More than 20 years later, in September 2025, a collaborative research team led by Associate Professor Brian Hie of Stanford University's Department of Chemical Engineering and the Arc Institute once again chose this historic virus as their stage. This time, they did not "write" it—they had AI "design" it.
Their findings were published in Science in 2026 (DOI: 10.1126/science.aec2657). Lead author Samuel King and colleagues generated 16 functional bacteriophages from AI-generated genome sequences, showing that some possessed killing power exceeding that of natural ΦX174. It is the world's first report of a functioning biological entity emerging from an AI-designed genome.
The "Next Wall" Left by Successful Protein Design
The fusion of AI and biology has already reached one major milestone. The 2024 Nobel Prize in Chemistry was awarded to Demis Hassabis and John Jumper of DeepMind for developing AlphaFold, which predicts protein structures, and to David Baker for creating RFdiffusion, which designs proteins. As this award demonstrates, it is now essentially academic consensus that AI can solve protein folding and design entirely new proteins from scratch.
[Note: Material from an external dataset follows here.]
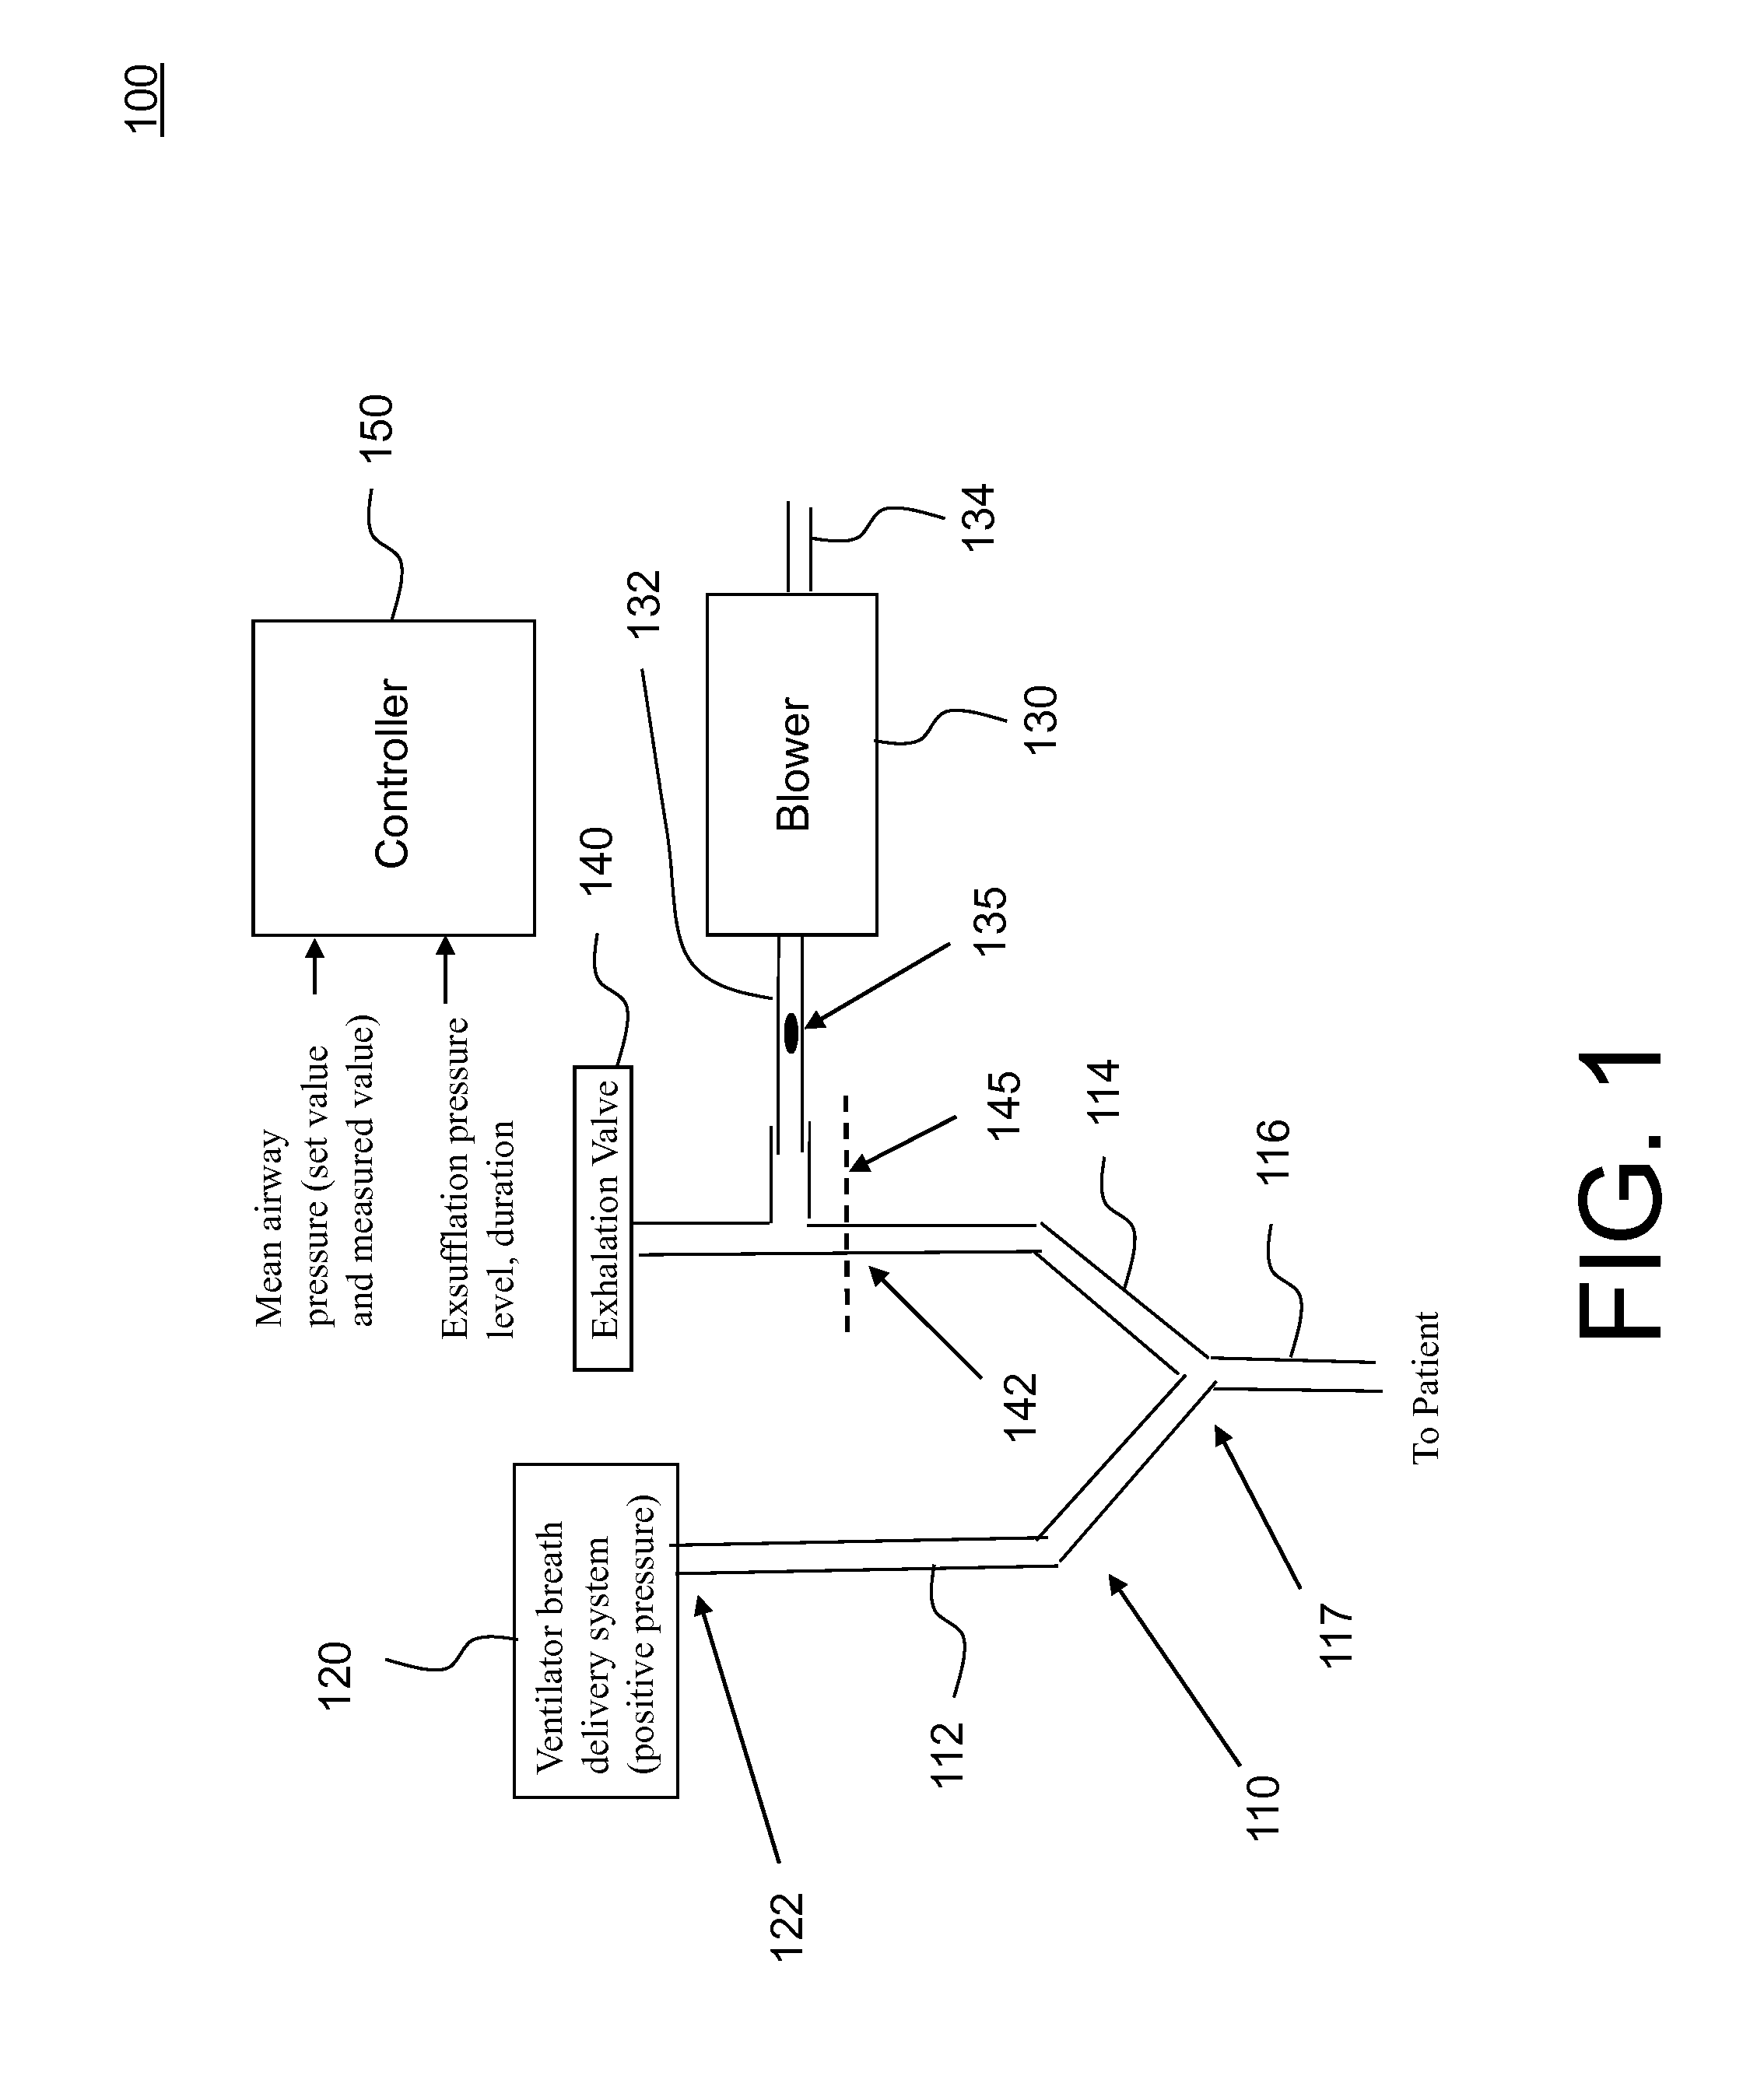 Ventilator with integrated blower to provide negative or positive pressure in a ventilator system

However, proteins are only part of a genome. Biological function does not arise from a single gene product but from the totality of elements woven together—interactions among multiple genes, regulatory sequences, replication origins, and packaging signals. There is a qualitative gap between designing a single protein and designing an entire genome in which these elements must work together correctly.
In the field of DNA language models, this gap had remained unexplored. Whether sequences generated by a model would actually function inside a living cell—no one had ever verified this experimentally.
Evo 2: A "Reader of 9.3 Trillion Letters"
Evo 2, developed by the Hie lab, is a DNA foundation model whose preprint was released in February 2025 and later published in Nature. With 4 billion parameters, it was trained on 9.3 trillion nucleotides spanning all domains of life, including bacteria, archaea, eukaryotes, and phages. Its context window reaches 1 million base pairs—enough to "read" roughly one-third of the entire human genome at once.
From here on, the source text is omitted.